Os produtos importados com maiores aumentos comparativamente ao Natal de 2020 foram perfumes (+ 550%) e brinquedos (+ 60%).

Do ponto de vista do emprego, a expectativa da CNC é de que sejam elevados 89,4 mil vagas temporárias para o Natal deste ano, 31% maior do que as contratações para o atípico Natal de 2020, porém inferior às 91,6 mil vagas dados do pico para a, em 2019. 

Há três meses, a entidade projetoava abertura de 94,2 mil locais de trabalho. A redução está atrelada à perspectiva de um Natal mais fraco, que acaba inibindo a contratação de comuns. “Vai existir, mas em um patamar menor do que de anos anteriores”.

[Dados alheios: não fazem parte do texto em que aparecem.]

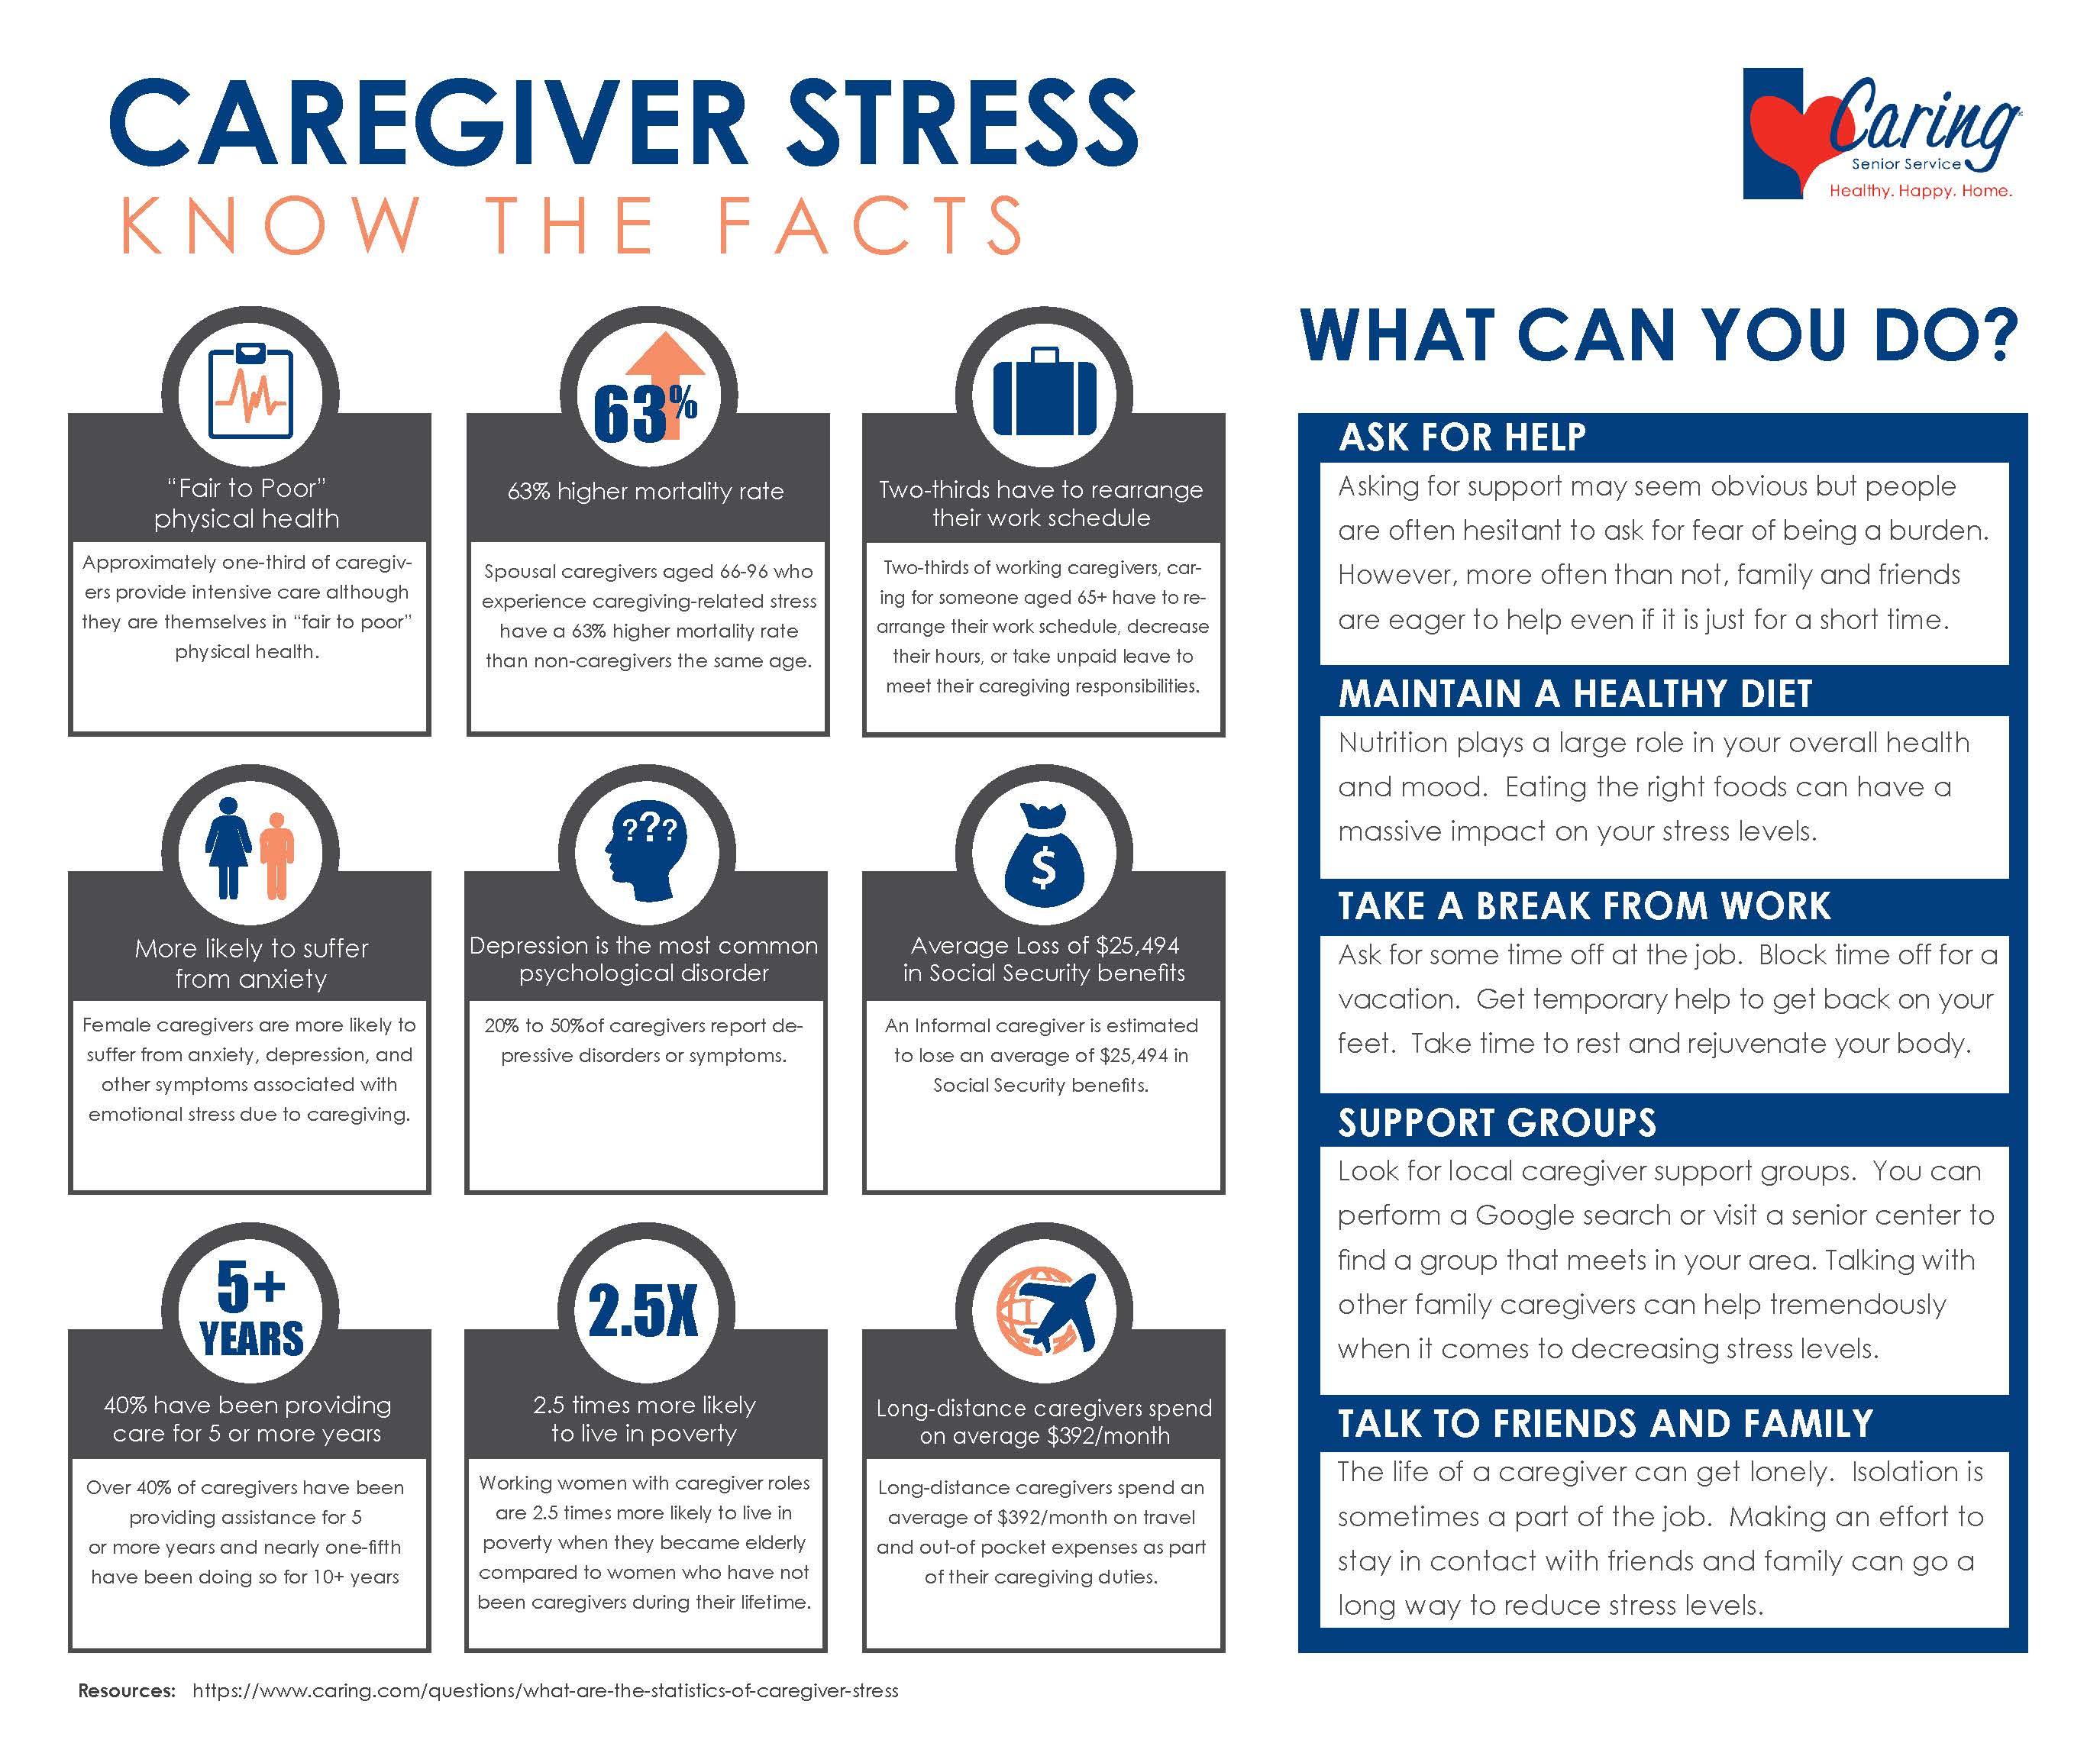 Caregiver_Stress_Fact_Sheet.jpg

Segundo a CNC, a maior oferta de vagas (63% do total ou 56,27 mil) ocorrerá nas lojas de vestuário, calçados e acessórios, seguidas por segmentos de hiper e supermercados (16,63 ou 19% do total) e lojas de artigos de uso pessoal e doméstico (11,08 mil ou 12% do total). 

Regionalmente, São Paulo (25,61 mil), Minas Gerais (9,63 mil), Paraná (7,09 mil) e Rio de Janeiro (6,63 mil) vão oferecer a maior parte das vagas.

A cesta de produtos mais demandados no Natal revela alta de 13,8% nos últimos 12 meses até dezembro, superior à acumulada no mesmo período pelo Índice de Preços ao Consumidor Amplo (IPCA), que ficou em 10,7%. 

O resultado é maior também que uma variação de 15,1% registrada nos 12 meses até dezembro do ano passado. Artigo de composição a maior variação (16,4%), enquanto bacalhau e aparelho telefônico deflação de 2,6 e 1,4%, respectivamente.